Task brief >>
Transcribe word for word the lines below from the line with "BELGIQUE.Carte Maximum.AM14093.1954.Cachet Overiuse.Vue" through the line with "Buche de Noel – Yule Log Cake", ends included.

Stored items >>
###
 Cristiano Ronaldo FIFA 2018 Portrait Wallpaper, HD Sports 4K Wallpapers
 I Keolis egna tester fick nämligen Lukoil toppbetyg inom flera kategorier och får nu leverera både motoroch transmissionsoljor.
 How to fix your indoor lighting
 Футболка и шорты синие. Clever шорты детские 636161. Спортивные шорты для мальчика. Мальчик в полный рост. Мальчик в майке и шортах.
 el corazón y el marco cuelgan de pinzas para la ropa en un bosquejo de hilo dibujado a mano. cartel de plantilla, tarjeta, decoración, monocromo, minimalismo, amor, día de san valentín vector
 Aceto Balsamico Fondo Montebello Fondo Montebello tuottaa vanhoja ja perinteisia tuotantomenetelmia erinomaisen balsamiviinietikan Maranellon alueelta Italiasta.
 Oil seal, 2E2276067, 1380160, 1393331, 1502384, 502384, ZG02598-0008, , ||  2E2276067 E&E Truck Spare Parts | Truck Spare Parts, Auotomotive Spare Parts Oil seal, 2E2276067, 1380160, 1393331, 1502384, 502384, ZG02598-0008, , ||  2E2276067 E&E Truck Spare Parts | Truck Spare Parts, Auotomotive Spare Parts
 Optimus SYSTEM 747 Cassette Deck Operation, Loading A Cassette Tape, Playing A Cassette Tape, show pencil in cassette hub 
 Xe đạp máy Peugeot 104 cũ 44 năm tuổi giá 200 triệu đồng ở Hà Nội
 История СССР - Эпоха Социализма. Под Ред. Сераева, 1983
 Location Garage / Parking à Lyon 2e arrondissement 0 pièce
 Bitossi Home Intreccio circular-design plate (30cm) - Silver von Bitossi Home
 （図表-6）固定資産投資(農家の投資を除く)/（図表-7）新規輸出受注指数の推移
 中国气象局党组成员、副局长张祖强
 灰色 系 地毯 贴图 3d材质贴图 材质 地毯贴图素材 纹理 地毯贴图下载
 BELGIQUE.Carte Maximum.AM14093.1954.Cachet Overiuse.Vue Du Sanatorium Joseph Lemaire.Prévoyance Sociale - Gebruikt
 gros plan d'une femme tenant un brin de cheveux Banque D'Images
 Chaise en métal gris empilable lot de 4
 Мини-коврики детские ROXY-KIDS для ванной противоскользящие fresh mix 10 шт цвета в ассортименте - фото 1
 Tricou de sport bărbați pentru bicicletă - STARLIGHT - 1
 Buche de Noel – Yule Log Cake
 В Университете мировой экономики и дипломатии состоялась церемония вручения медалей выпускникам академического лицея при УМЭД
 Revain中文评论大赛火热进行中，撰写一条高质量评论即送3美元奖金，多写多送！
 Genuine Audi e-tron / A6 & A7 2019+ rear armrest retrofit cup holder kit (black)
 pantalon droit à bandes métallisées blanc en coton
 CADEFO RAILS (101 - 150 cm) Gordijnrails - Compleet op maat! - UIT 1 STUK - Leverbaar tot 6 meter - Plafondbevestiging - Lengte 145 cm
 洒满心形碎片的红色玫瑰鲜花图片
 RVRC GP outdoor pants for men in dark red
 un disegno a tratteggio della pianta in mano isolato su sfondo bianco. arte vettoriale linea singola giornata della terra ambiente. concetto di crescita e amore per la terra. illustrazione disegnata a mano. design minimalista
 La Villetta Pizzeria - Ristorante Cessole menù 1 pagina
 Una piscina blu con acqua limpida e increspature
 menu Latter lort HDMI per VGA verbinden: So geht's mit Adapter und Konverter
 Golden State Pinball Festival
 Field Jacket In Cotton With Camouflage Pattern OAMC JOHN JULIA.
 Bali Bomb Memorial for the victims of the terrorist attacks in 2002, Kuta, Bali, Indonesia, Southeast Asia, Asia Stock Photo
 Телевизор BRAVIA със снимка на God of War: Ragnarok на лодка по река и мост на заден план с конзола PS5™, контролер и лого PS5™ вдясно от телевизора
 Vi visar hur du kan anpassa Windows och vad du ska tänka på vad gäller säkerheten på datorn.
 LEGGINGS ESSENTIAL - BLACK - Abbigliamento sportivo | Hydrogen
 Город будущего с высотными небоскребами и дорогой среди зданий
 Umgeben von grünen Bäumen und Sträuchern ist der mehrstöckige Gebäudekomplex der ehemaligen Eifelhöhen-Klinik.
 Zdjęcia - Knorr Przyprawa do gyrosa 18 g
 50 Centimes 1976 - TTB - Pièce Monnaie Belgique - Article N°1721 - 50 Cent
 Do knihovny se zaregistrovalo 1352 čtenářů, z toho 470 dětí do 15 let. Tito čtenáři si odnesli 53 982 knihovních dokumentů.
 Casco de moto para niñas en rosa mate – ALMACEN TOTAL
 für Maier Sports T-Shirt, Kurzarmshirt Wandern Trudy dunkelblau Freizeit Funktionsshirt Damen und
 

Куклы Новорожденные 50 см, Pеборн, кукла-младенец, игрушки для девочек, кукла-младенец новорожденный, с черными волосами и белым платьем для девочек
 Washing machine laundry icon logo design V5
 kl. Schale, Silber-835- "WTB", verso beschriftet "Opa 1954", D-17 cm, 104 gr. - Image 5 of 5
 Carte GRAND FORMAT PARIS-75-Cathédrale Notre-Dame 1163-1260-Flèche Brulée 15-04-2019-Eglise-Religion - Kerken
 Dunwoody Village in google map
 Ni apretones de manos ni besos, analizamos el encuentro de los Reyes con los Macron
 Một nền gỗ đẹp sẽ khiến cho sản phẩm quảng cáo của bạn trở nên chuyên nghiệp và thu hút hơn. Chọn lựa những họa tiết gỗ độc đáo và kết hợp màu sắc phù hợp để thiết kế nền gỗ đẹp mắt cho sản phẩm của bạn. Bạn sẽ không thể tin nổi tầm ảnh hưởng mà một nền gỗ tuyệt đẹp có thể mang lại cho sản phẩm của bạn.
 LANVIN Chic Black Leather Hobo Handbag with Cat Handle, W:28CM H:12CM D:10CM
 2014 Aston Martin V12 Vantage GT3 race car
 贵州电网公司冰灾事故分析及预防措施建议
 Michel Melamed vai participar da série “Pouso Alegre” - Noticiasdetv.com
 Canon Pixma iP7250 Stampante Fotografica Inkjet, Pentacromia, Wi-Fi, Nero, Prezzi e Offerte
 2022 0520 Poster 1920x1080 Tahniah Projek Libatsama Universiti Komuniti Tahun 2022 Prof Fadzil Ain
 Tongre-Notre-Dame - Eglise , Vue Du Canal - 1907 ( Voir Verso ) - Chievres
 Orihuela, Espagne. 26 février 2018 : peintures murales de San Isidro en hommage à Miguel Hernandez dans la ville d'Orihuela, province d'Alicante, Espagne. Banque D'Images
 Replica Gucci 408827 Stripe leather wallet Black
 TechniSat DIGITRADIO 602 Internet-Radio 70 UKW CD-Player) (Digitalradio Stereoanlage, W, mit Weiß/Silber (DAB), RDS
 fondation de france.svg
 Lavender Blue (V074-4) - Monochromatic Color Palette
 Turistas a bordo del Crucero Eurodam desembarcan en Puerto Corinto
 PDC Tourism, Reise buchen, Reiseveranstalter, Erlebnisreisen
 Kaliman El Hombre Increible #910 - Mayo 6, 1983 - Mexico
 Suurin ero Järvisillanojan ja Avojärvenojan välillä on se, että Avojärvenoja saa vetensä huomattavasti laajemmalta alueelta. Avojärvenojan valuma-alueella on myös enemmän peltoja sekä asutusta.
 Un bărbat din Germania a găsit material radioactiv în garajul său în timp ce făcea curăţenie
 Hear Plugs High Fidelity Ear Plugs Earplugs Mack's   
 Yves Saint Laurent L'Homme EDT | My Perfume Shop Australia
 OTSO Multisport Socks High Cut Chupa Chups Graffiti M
###
Solution for this exercise >>
 BELGIQUE.Carte Maximum.AM14093.1954.Cachet Overiuse.Vue Du Sanatorium Joseph Lemaire.Prévoyance Sociale - Gebruikt
 gros plan d'une femme tenant un brin de cheveux Banque D'Images
 Chaise en métal gris empilable lot de 4
 Мини-коврики детские ROXY-KIDS для ванной противоскользящие fresh mix 10 шт цвета в ассортименте - фото 1
 Tricou de sport bărbați pentru bicicletă - STARLIGHT - 1
 Buche de Noel – Yule Log Cake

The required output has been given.